В общем, хирургический был на особом положении, под особым вниманием энкавэдэвского начальства.
Сюда, в Центральную больницу Усольлага, привозили больных изо всех лагерных пунктов, со всех близких и дальних концов. Привозили «срочных» — с «острым животом», с прободением язвы, с заворотом кишок; немало было и лесоповальных травм — раздробленные руки и ноги; перебитые позвоночники — наиболее частая «лесная травма», с которой спасти человека было почти невозможно. Привозили и «плановых» — с аппендицитами, грыжами, кистами.
Бывали у нас и «вольные» пациенты — какое-нибудь лагерное начальство, или кто-либо из его семей, или стрелки из вольнонаёмной охраны.
Они помещались у нас в отдельных палатах, а после операции, как только становились на ноги, переводились в специальный корпус «вольнонаёмных» — был у нас и такой, но в нём не было операционной — оперировали у нас.
Главным хирургом был старый доктор Андриевский, тот самый, который «принимал» меня в медсёстры. В жизнь отделения он не вмешивался, по палатам не ходил, больных, если не было ничего «чрезвычайного», и его не вызывали, — не смотрел. Но все сложные операции делал сам, и как говорили врачи — делал блестяще.
Во время операции он был всегда спокоен, нетороплив, но одна из палатных сестёр бывала специально приставлена к нему, чтобы всё время мягкими тампонами вытирать капли пота, непрерывно струившиеся с его лба. Одно время эта обязанность лежала на мне, и я с ужасом ждала, что не успею подхватить ползущие капли, а они мгновенно покрывали весь лоб и ползли вниз все разом — и вот-вот попадут в глаза Андриевского, или — ещё хуже — прямо в разрезанный живот оперируемого!
Потом, слава Богу, с меня эту обязанность сняли, и я стала кое в чём помогать при операциях. Это было позже, когда Варвара Сергеевна притерпелась ко мне, и отношения у нас стали сносными.
А после одного, чуть было не кончившегося трагически, случая — стали и совсем нормальными. Позже я расскажу об этом.
Формально заведовал отделением молодой хирург, доктор Фром, привезённый сюда из «советской зоны» Польши перед самой войной.
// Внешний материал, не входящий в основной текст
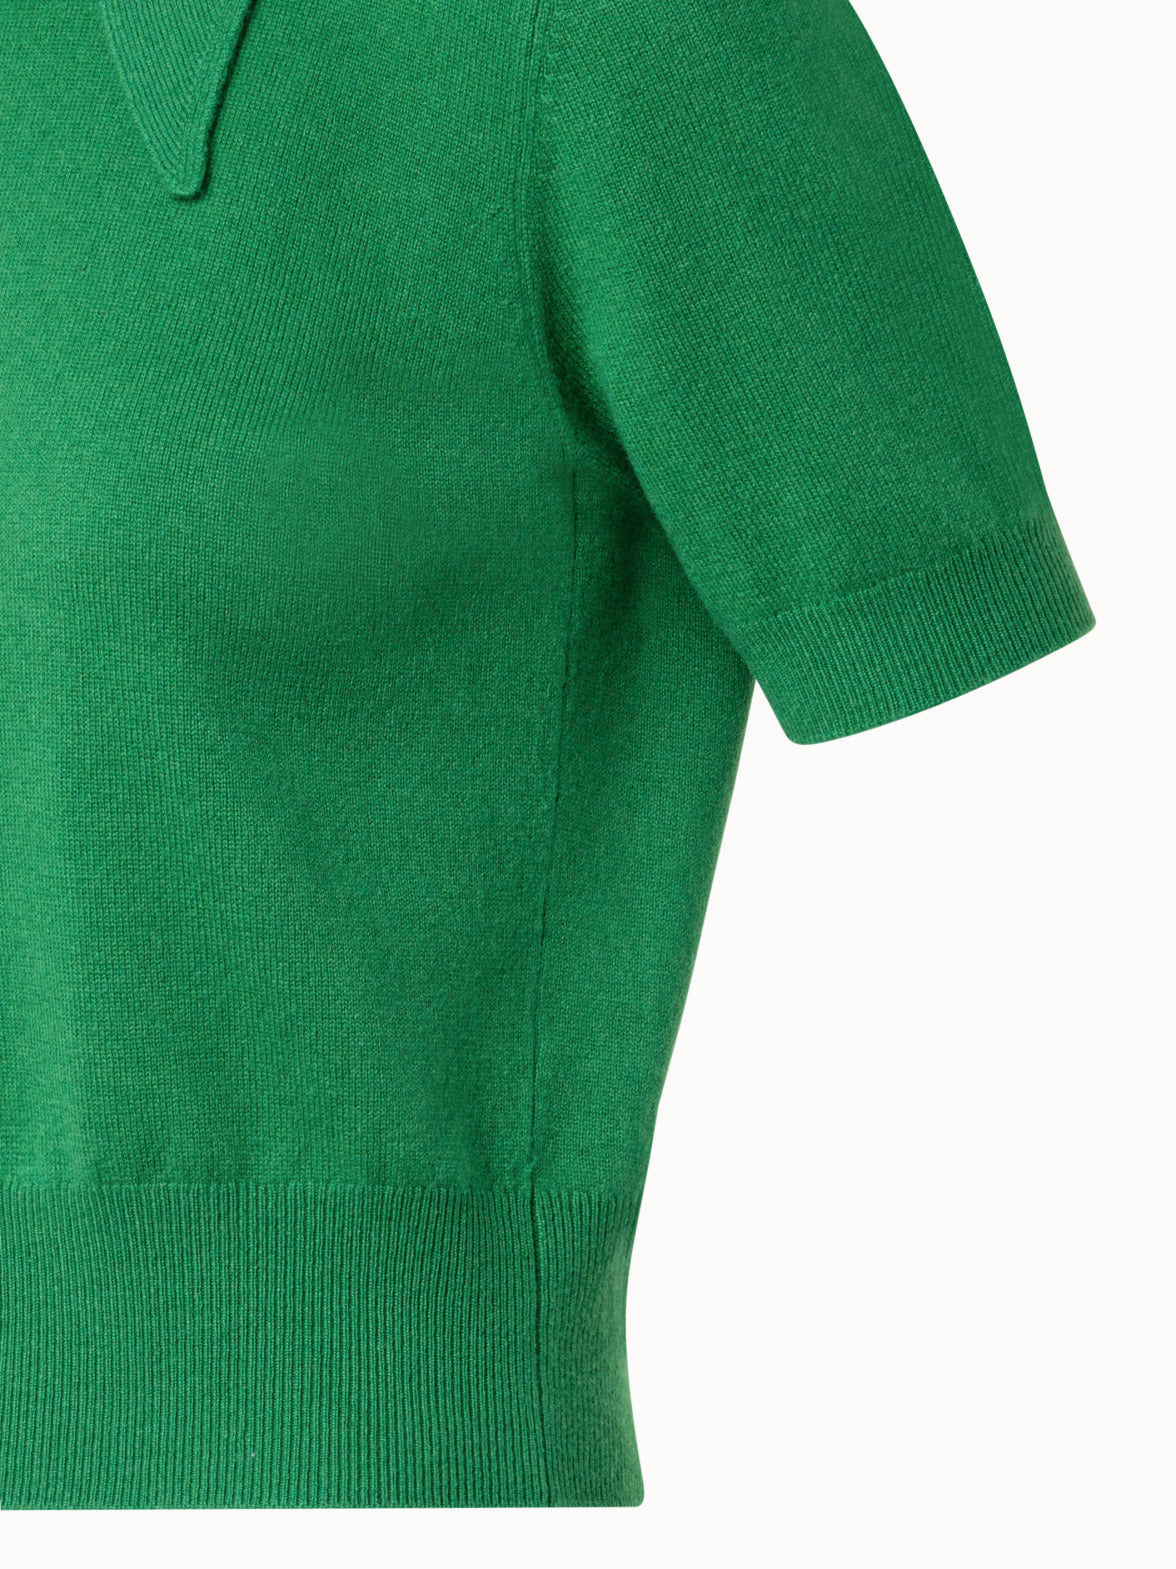 Cotton and Cashmere Mock Neck Elbow Patch Sweater in Green by Viyella Small

Он так и не привык к случившемуся и не понимал своего подневольного положения. Он всё ждал, что как только прогонят немцев, все «недоразумения» рассеются и он вернётся в Варшаву, где его ждали незаконченные ещё до ареста дела, а главное, почти готовая докторская диссертация.
Говорил он по-русски сносно, но с сильным польским акцентом. Сестёр называл «се'стра», а Варвару Сергеевну величал «панни се'стра», и спорить с ней никогда не решался. Был он необыкновенно быстрым, подвижным, и впечатлительным.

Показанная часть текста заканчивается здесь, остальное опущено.